Societal Abuse of Women—One Day, One Section, New York Times

September 22, 2014 | Revolution Newspaper |


From readers

A protest in the Philippines in  2009 after the rape of a Filipina woman by a U.S. Marine. The U.S. refused to turn the rapist over to Philippine courts citing the "Visiting Forces Agreement" (VFA) which provides immunity for U.S. military personnel accused of committing rape. On the protester's arms and on the ground is written "Jail Smith" (the Marine rapist) and "Junk VFA."

Not only are women within the U.S. military subject to high levels of sexual assault, an oppressive, dominating morality promotes a culture rape wherever the U.S. military goes. Above: A protest in the Philippines in  2009 after the rape of a Filipina woman by a U.S. Marine. The U.S. refused to turn the rapist over to Philippine courts citing the "Visiting Forces Agreement" (VFA) which provides immunity for U.S. military personnel accused of committing rape. On the protester's arms and on the ground is written "Jail Smith" (the Marine rapist) and "Junk VFA." Photo: AP

You think violence and brutality against women and patriarchal brutality against children is a National Football League (NFL) issue? Or a problem concentrated among Black athletes? Nobody should get a pass on brutality against women, but look around! We are just now leafing through a single section of today’s New York Times (9/20/14). There is a front page story on the NFL’s “blind spot” for “domestic violence.” No shit.

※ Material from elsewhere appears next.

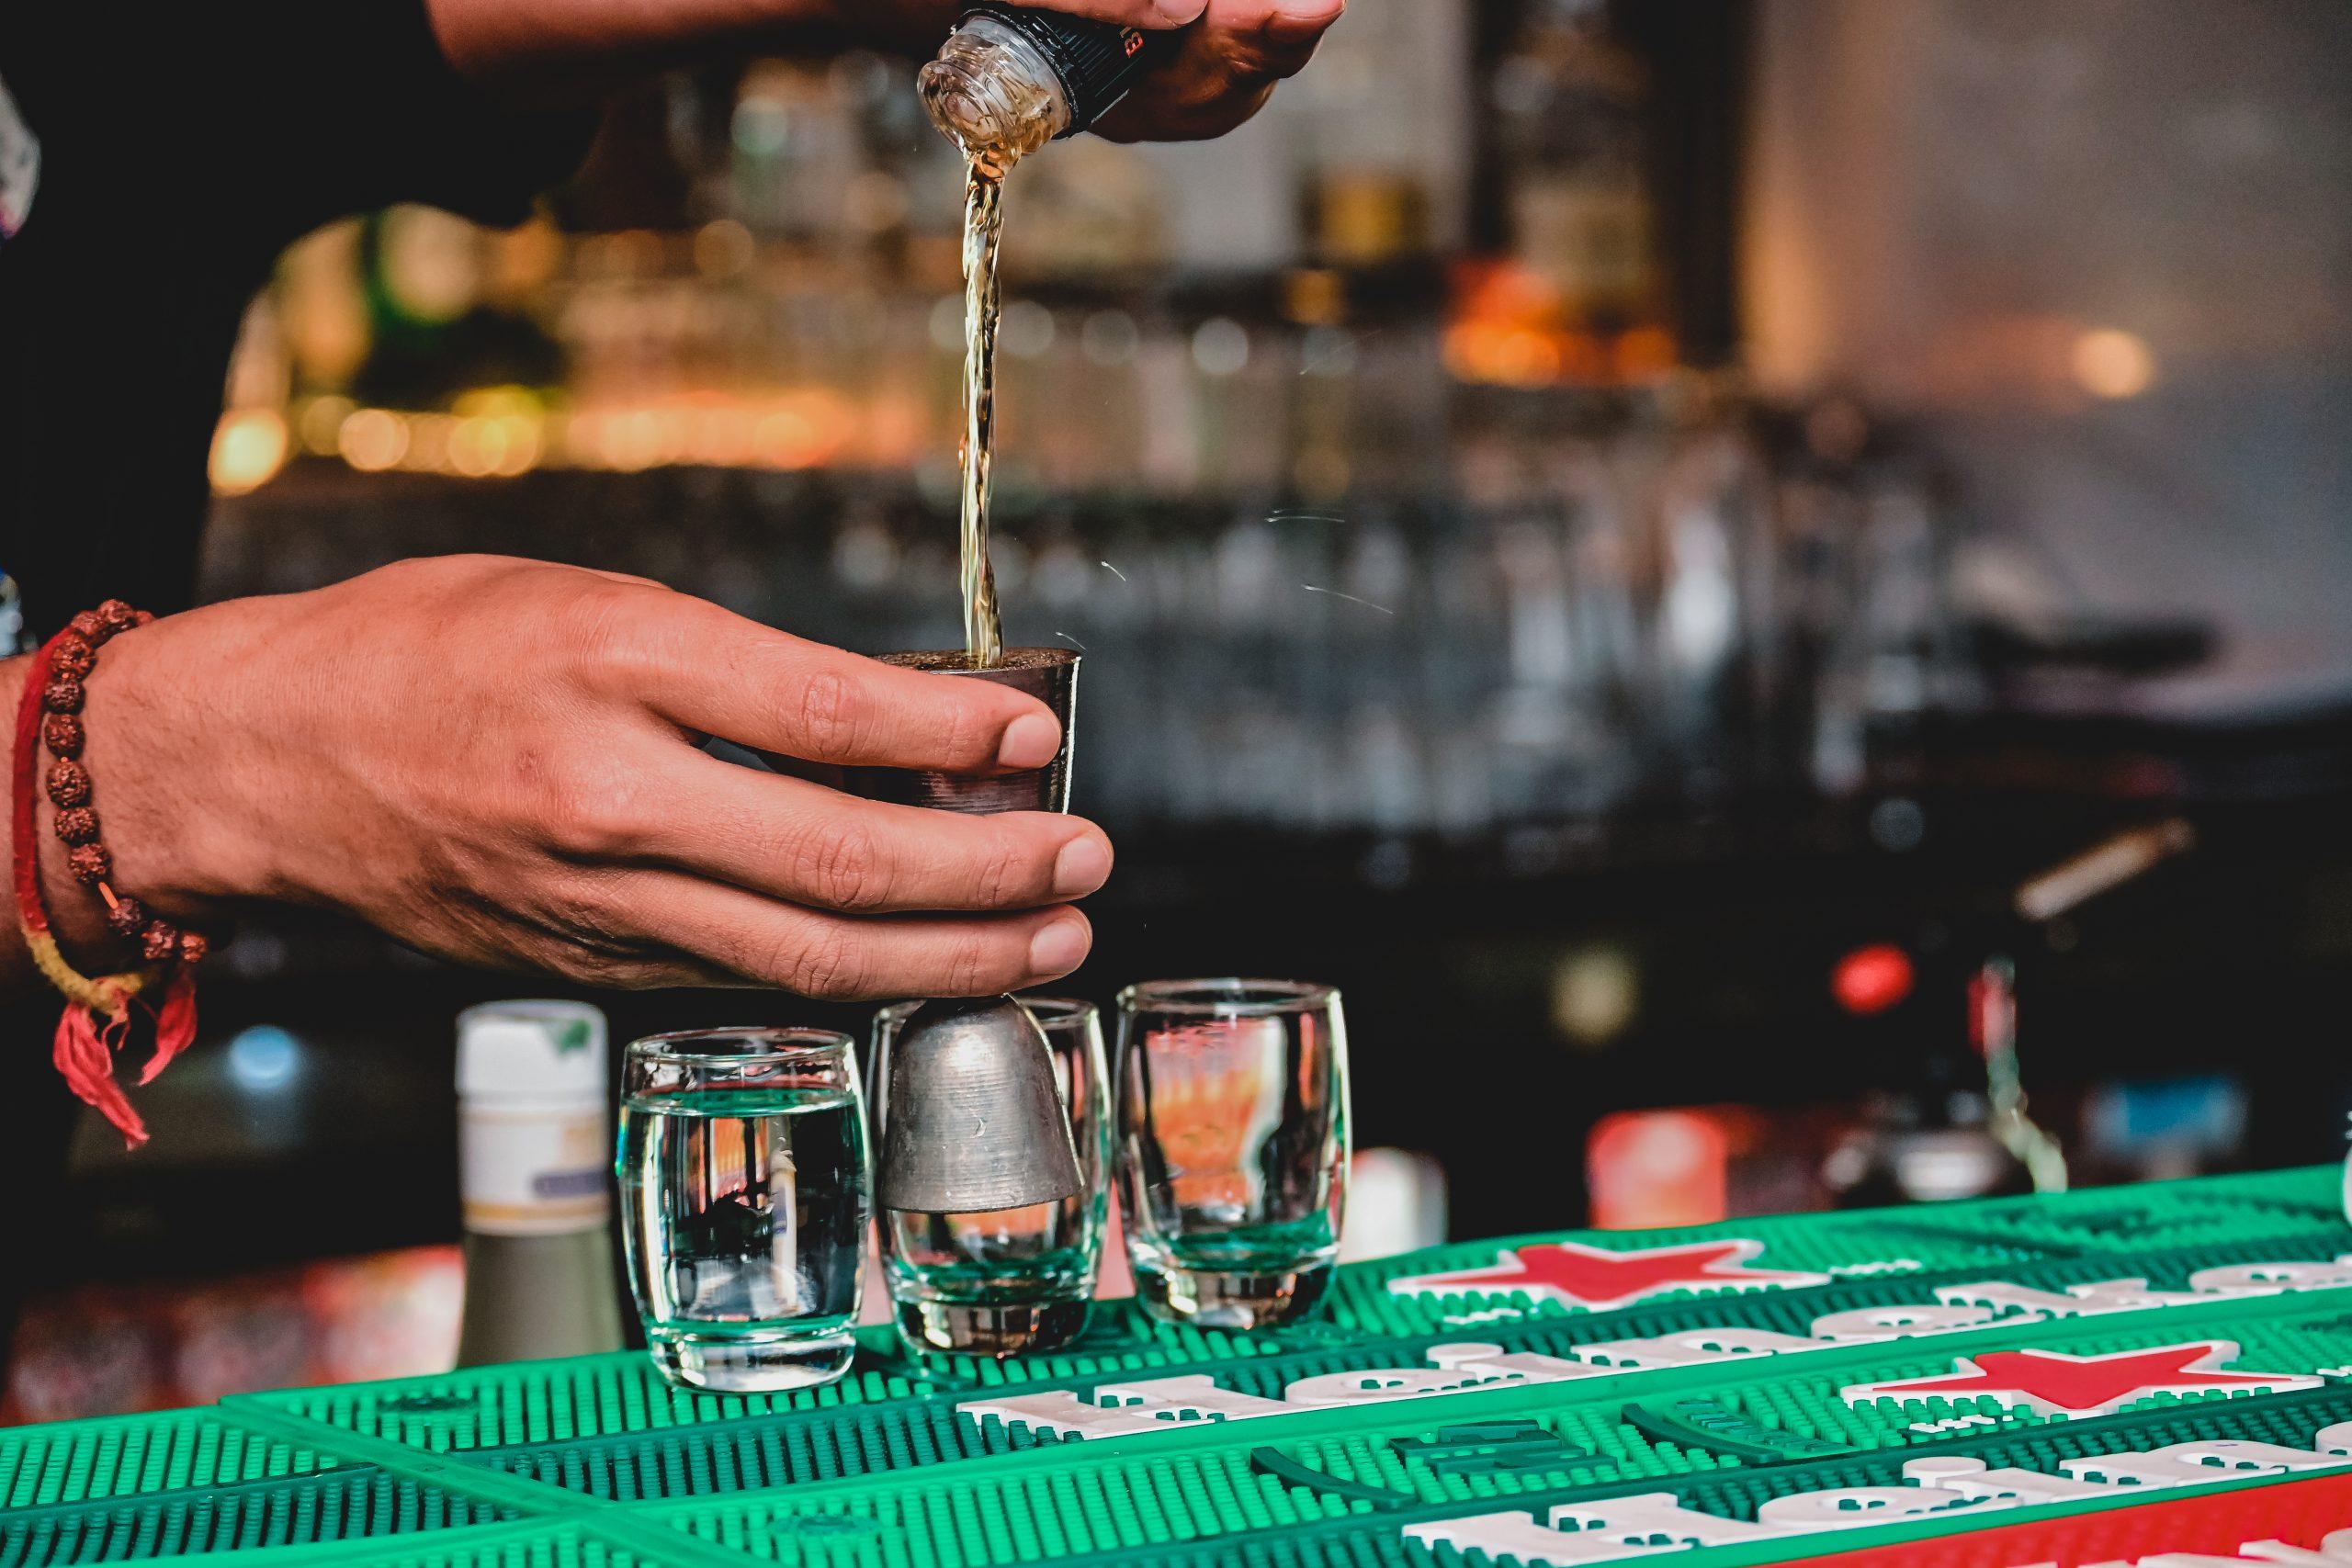 Bar tender making drinks

But jump ahead a few pages.

In Florida, a 28-year-old woman—who for six years tried to flee from or get legal protection from her father who brutalized and threatened her—was killed—according to police by her father who not only killed her, but her six children, and then himself. Agencies supposedly responsible for protecting women and children had piles of complaints and pleas from the victim on their desks when she died.

Next page: an article on how women in the U.S. Forest Service filed a legal complaint that they suffered sexual abuse from male co-workers and that top agency officials not only failed to do anything about it, but retaliated against them for reporting the assaults. One of the plaintiffs alleges that her supervisor put her in a chokehold and tried to rape her. After filing the complaint, she was fired. The Forest Service is—according to the Times—“reviewing the complaints.”

A few pages later, a headline: “Science’s Sexual Assault Problem.” The article documents that 26 percent of female scientists surveyed had been sexually assaulted during field work. The author of the piece notes that such assaults are usually co-workers and that a survey revealed that “perpetrators were predominantly senior to them professionally within the research team.”

And we’re not even addressing the situation on U.S. campuses, where the culture of pornification, an ethos of male right, and the legal system have created a situation where one in five women will be raped or sexually assaulted while in college.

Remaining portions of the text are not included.